What is required:
Copy the listing exactly; drop the pictures.

Supplied material:
——————
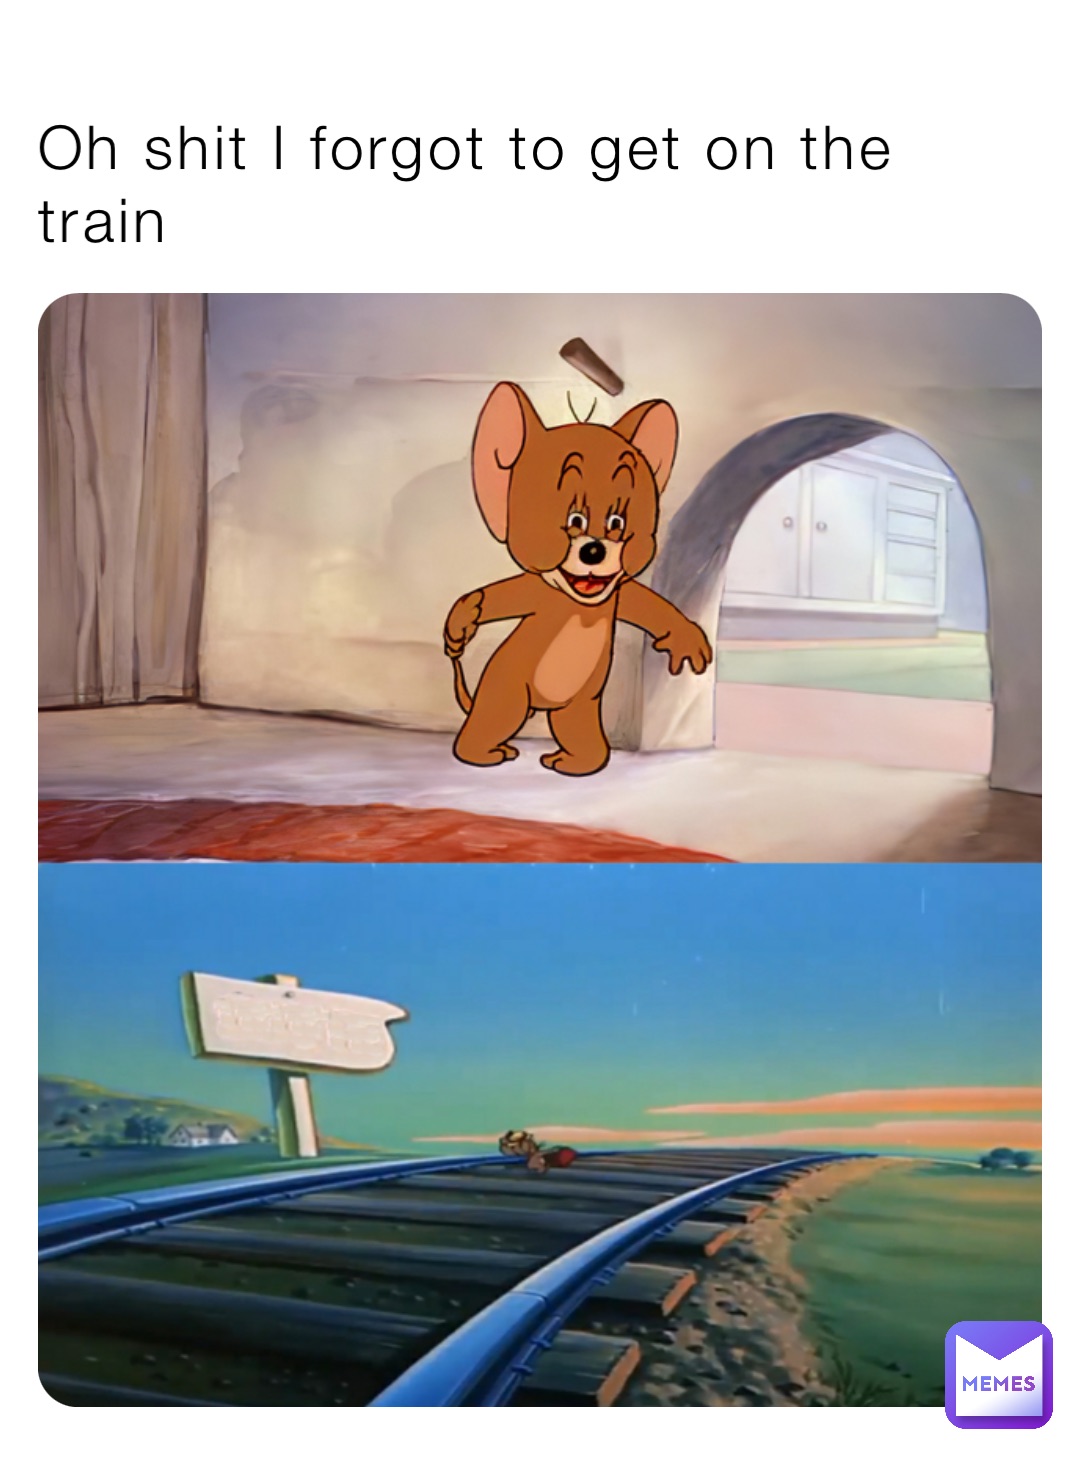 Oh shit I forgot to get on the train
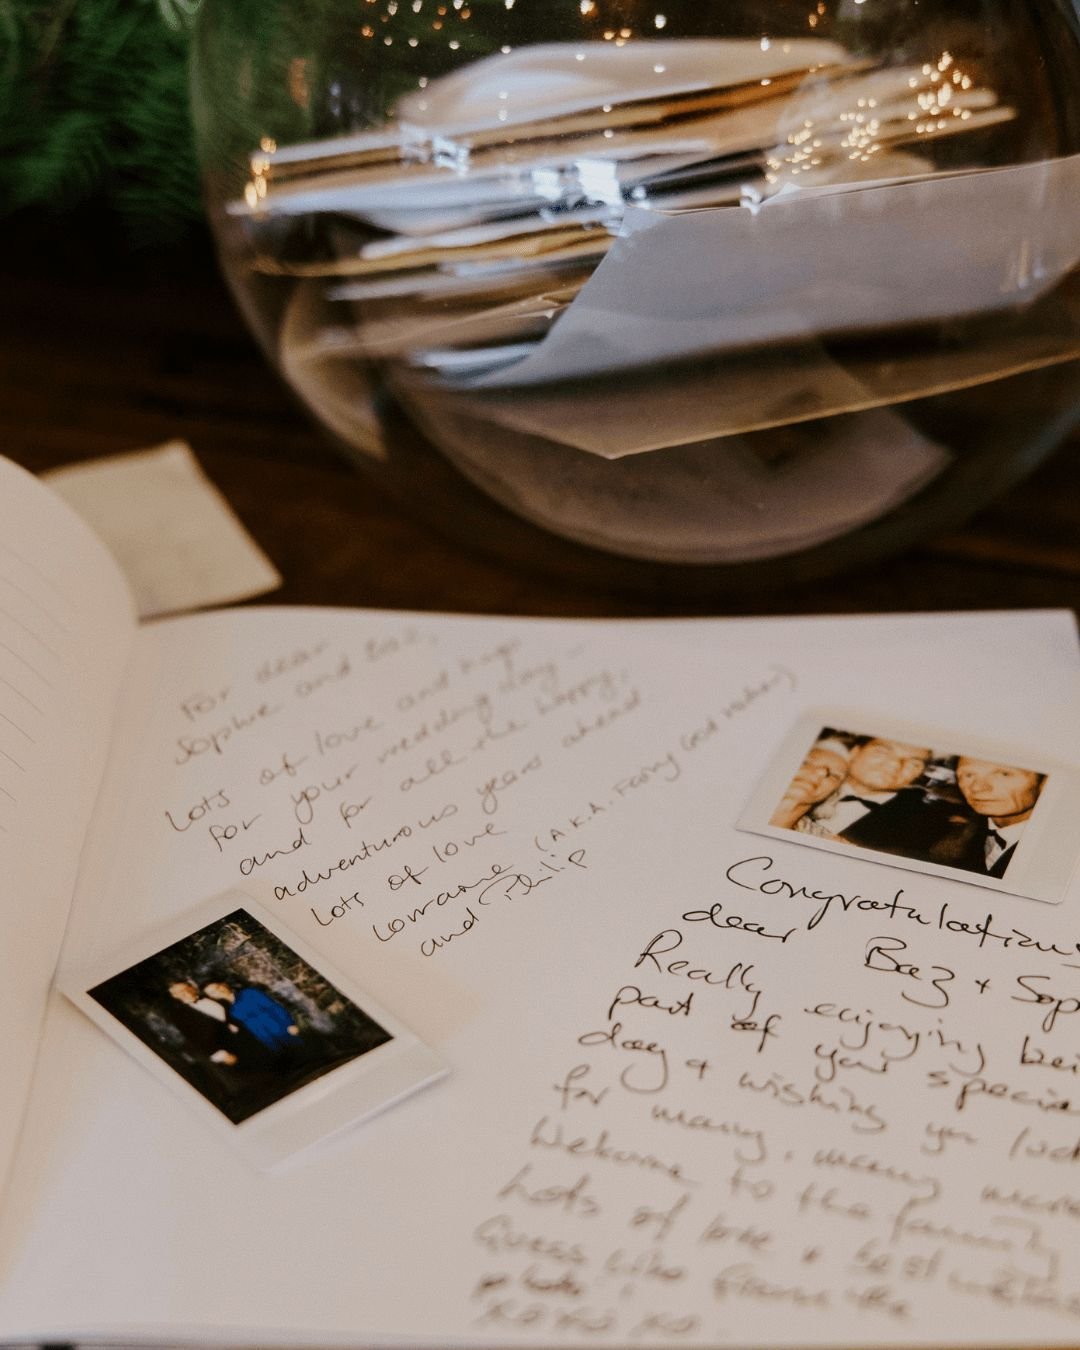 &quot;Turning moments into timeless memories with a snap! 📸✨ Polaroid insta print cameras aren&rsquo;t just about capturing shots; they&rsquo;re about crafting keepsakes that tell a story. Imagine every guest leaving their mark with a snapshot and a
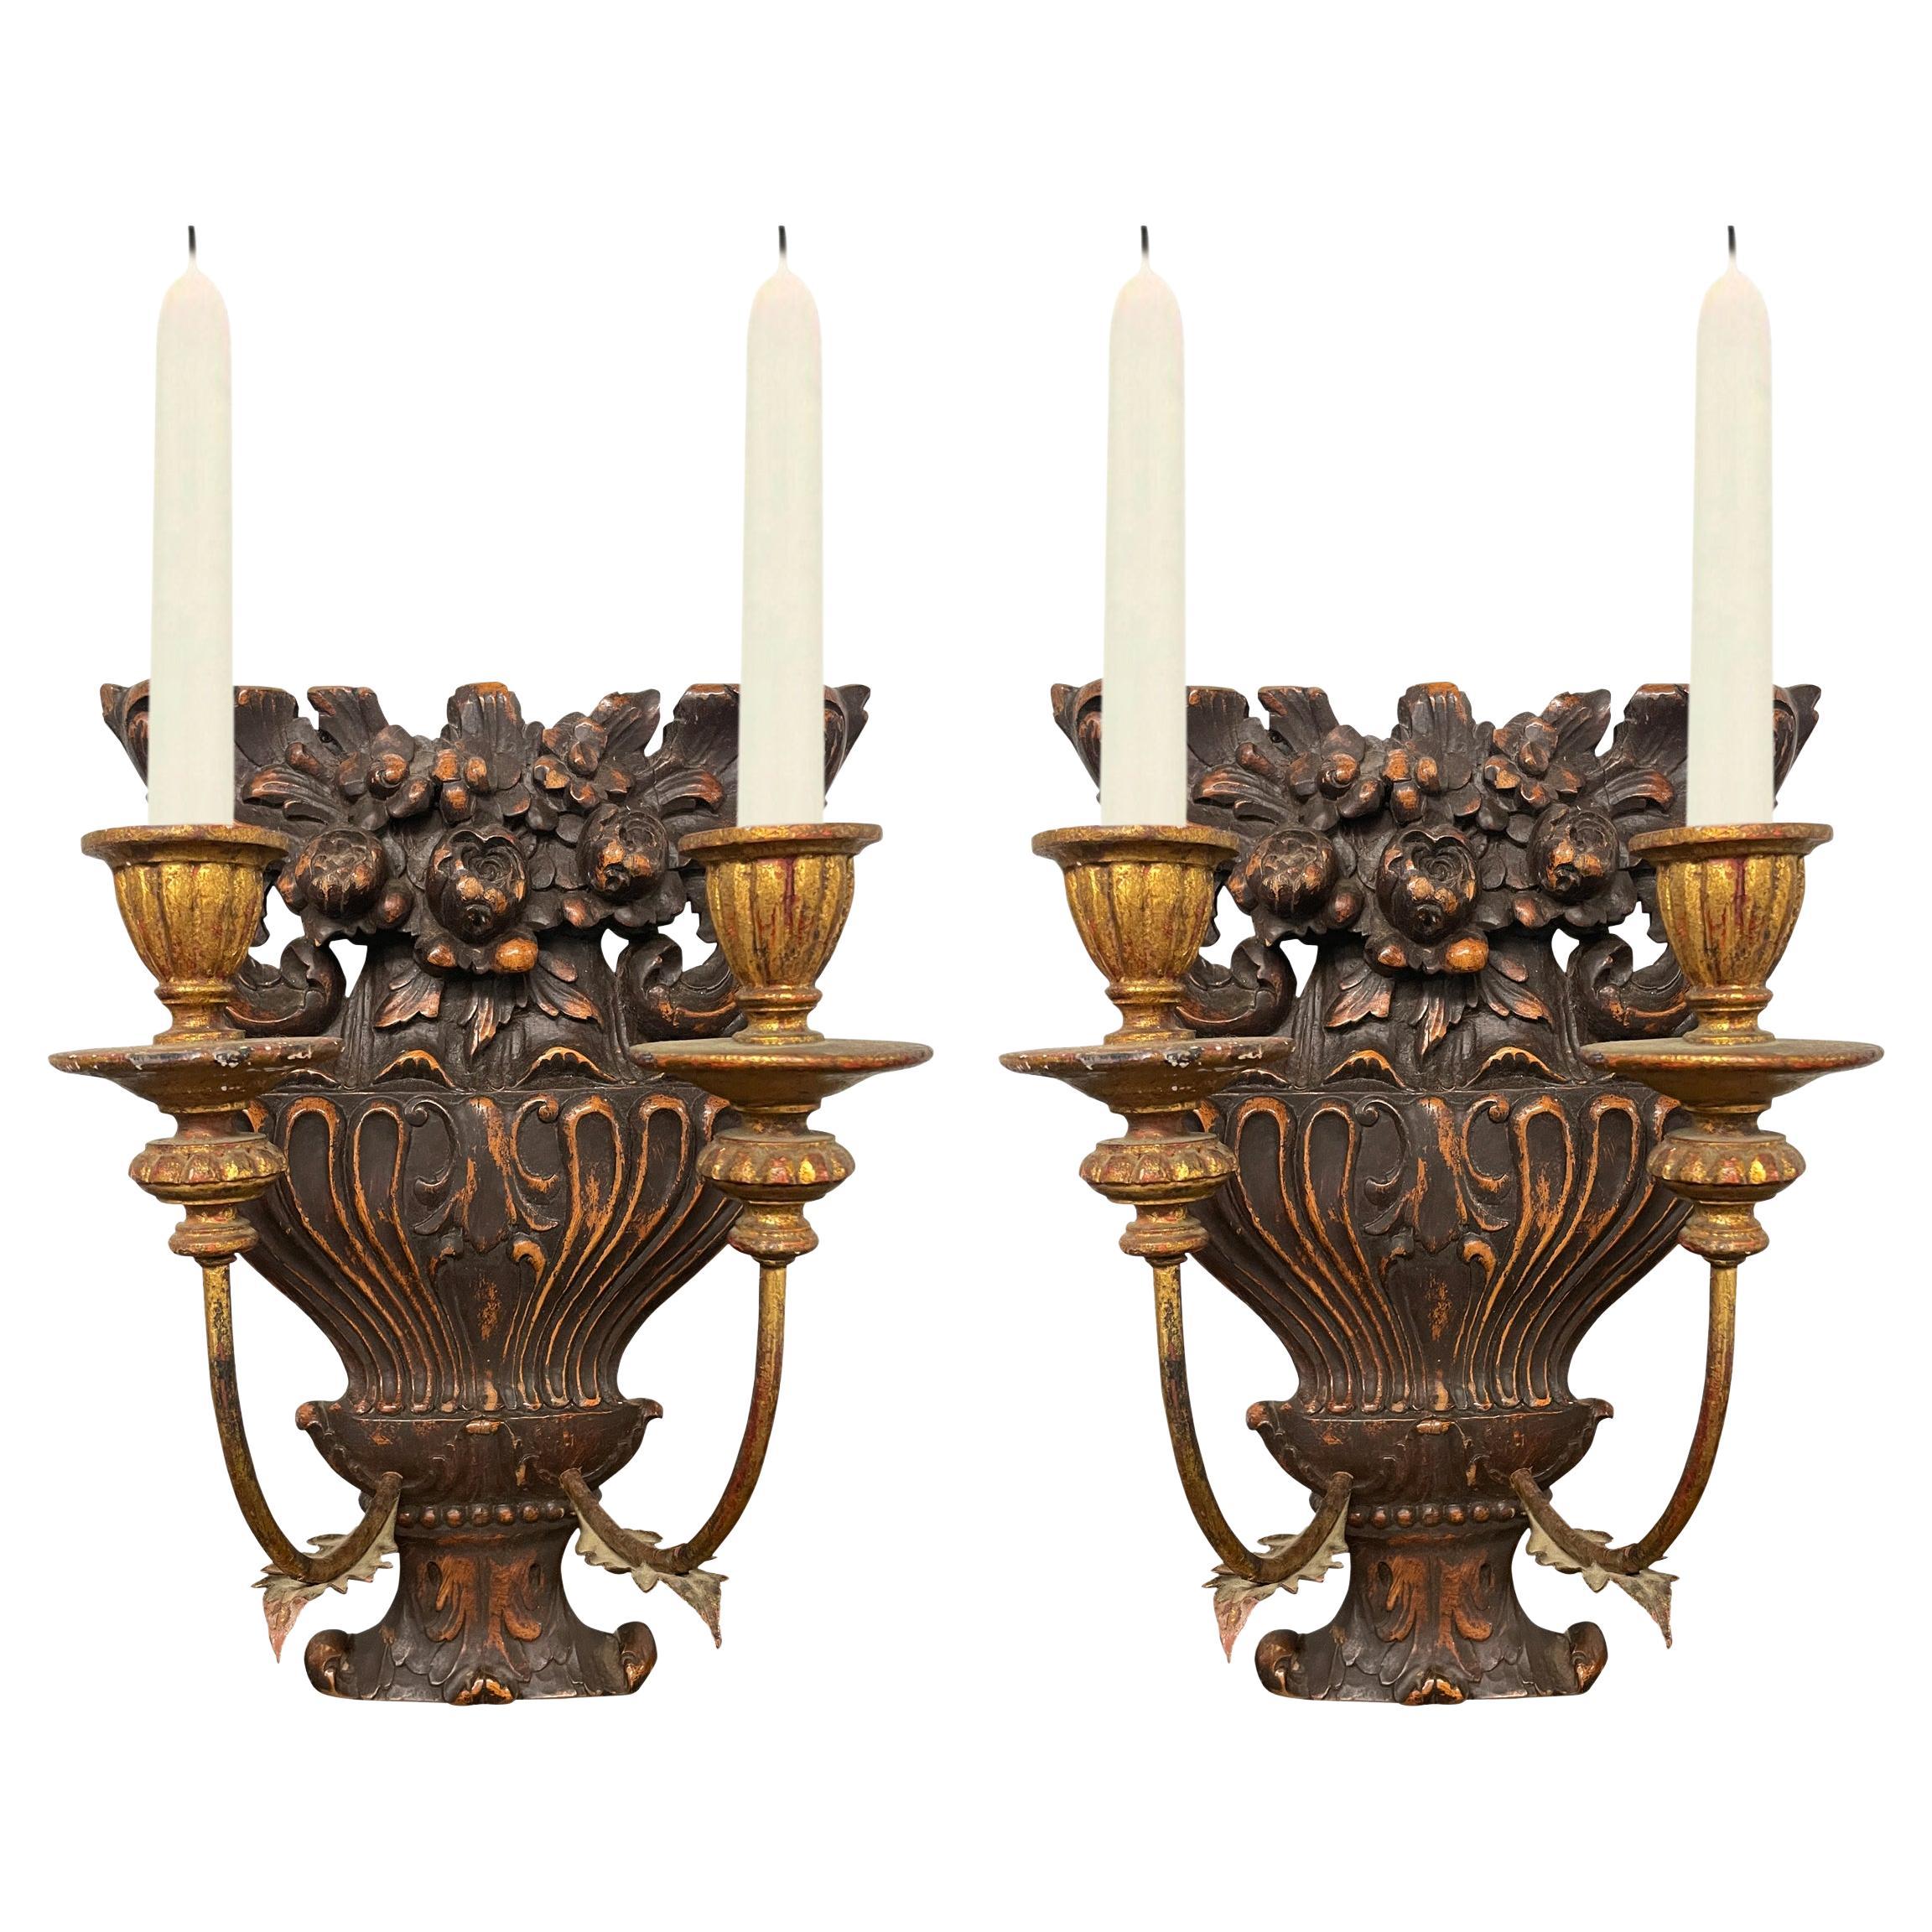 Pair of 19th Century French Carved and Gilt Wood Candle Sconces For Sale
——————
Result of the exercise:
 Oh shit I forgot to get on the train
 &quot;Turning moments into timeless memories with a snap! 📸✨ Polaroid insta print cameras aren&rsquo;t just about capturing shots; they&rsquo;re about crafting keepsakes that tell a story. Imagine every guest leaving their mark with a snapshot and a
 Pair of 19th Century French Carved and Gilt Wood Candle Sconces For Sale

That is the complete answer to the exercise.